U.S. Pat. No. 3,834,668 (Casey) discloses a pipe pushing apparatus employing two hydraulic cylinders, one on each side of the pipe section being driven. Ground abutting end plates at opposite ends of the device secure it with respect to the ground. Pivotally mounted jaws on opposite sides of the pipe sections are movable to grip the pipe for alternatively and selectively pushing or pulling the pipe, depending on which members of a set of removable pins are installed. Forwardly of the jaws is a guide for orienting and stabilizing the pipe section. U.S. Pat. No. 3,952,384 (Goldry et al) shows a set of three jaws, surrounding a pipe and spaced apart from one another 120 °.
U.S. Pat. No. 4,455,107 (Schosek) concerns a device for installing a solid cylindrical rod in which opposite jaws have semicircular profiles generally conforming to the circular profile of the rod. The opposed jaws are interconnected through motion transmitting devices, said to ensure equal gripping of the opposed jaws so that no flow divider is needed in connection with the hydraulic fluid drive system.
Due to the high forces involved, sometimes up to sixty tons on the jaws or other pipe gripping members, a secure, properly centered gripping action is critical. The proceeding patents are directed to various methods of gripping the piping section or rod for driving. These approaches, while satisfactory in certain respects, fail to address the need to ensure repeated, properly centered gripping of pipe or rod sections by hydraulically reciprocated jaws.
Therefore, it is an object of the present invention to provide a hydraulic pipe driving apparatus with means for biasing pipe gripping jaws into closure prior to initiating a forward stroke of the jaws.
Another object of the invention is to provide a pipe driving apparatus with interchangeable jaw inserts corresponding to pipes of different sizes, as well as interchangeable inserts for pipe guiding structure spaced apart from the jaws.
Another object of the invention is to provide an improved means for centering a driven rod or pipe with respect to opposed jaws or other gripping members.

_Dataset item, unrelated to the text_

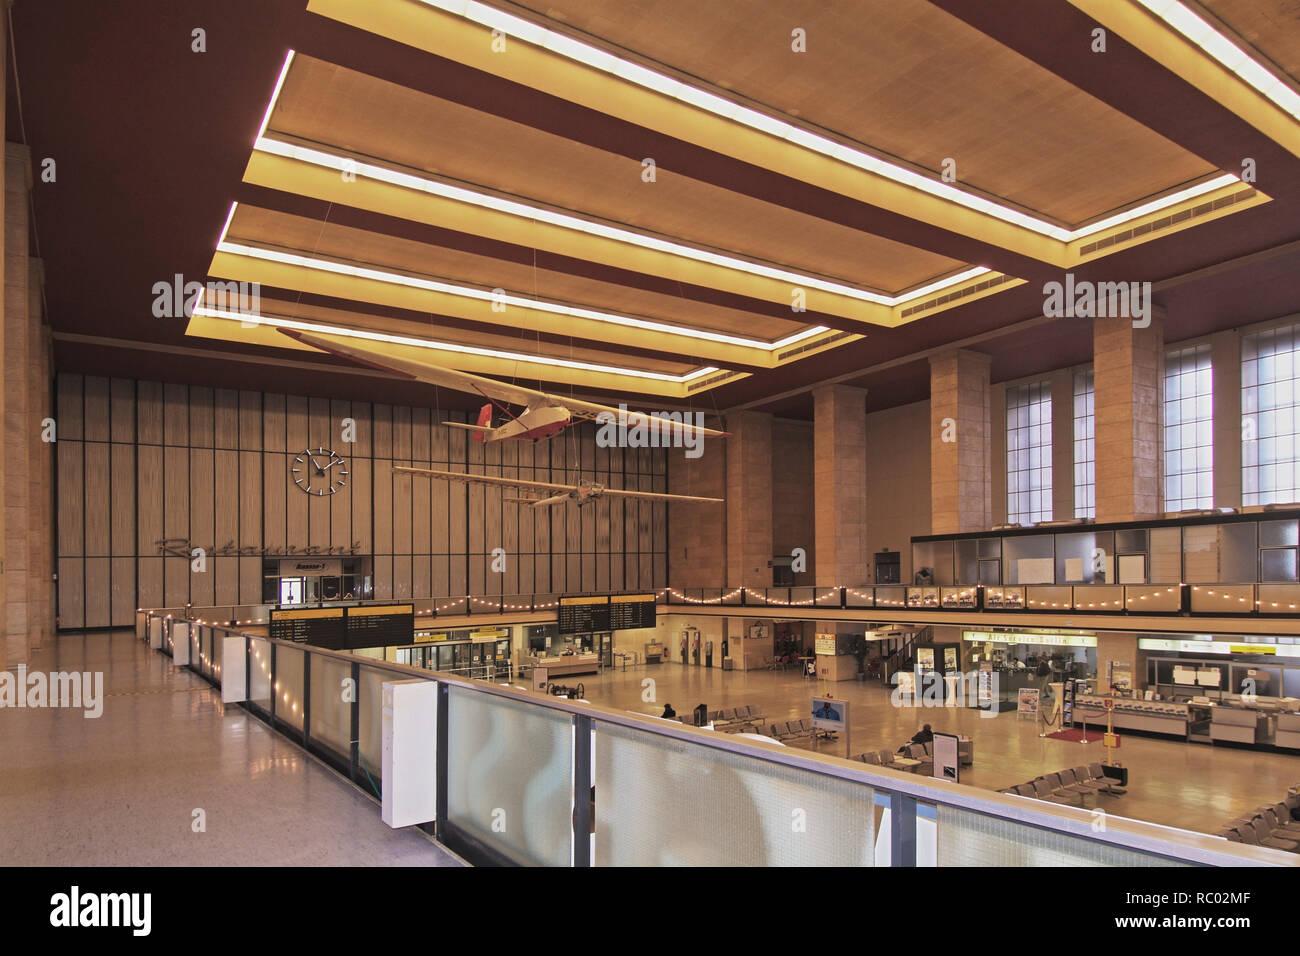 Flughafen Tempelhof, Abfertigungshalle, Berlin, Deutschland, Europa | Tempelhof airport, terminal building, Berlin, Germany, Europe - Stock Image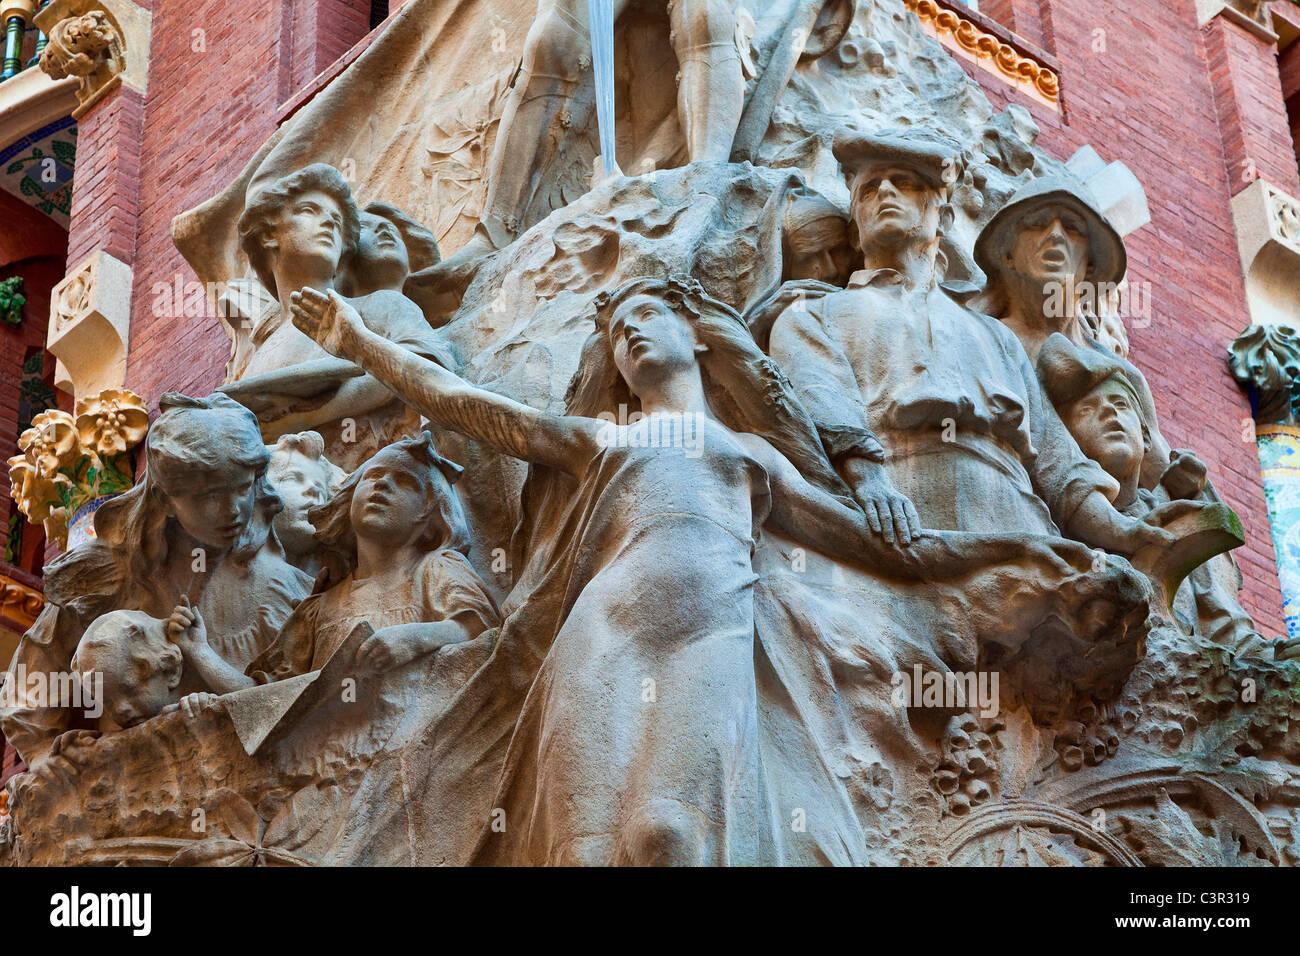 Barcelona, Palau de la Musica - Stock Image

Yet another object is to provide a means for closing opposed, hydraulically operated jaws or other gripping members upon a pipe or rod, operable independently of the forward driving action of the hydraulic cylinders.
To achieve these and other objects, there is provided an apparatus for installing pipe under ground. The apparatus includes a frame means having a guide surface and an anchoring means for securing the frame means integrally to the ground. A carriage is supported on the guide surface for reciprocating travel in longitudinal forward and rearward directions relative to the frame means. A pair of opposed gripping members is mounted pivotally to the carriage for movement about respective transverse pivot axes, into and away from a closure position about and frictionally engaged with a longitudinally extended pipe section, whereby the pipe section travels longitudinally with the carriage and jaws. When pivoted away from the closure position, the jaws release the pipe section for longitudinal travel relative to the jaws and carriage. A drive means is mounted to the frame means and to the carriage for reciprocating the carriage between forward and rearward locations along the guide surface. When the drive means and a ground induced counterforce in the pipe section act upon the carriage to maintain the jaws in the closure position about the pipe section, the carriage moves forward, with the pipe section being released when the carriage moves rearward. A biasing means is mounted to the frame means and is positioned to engage the jaws when the carriage, moving rearwardly, reaches a predetermined location proximate the rearward location. The biasing means, responsive to rearward movement of the carriage beyond the predetermined location, pivots the jaws into the closure position about the pipe section.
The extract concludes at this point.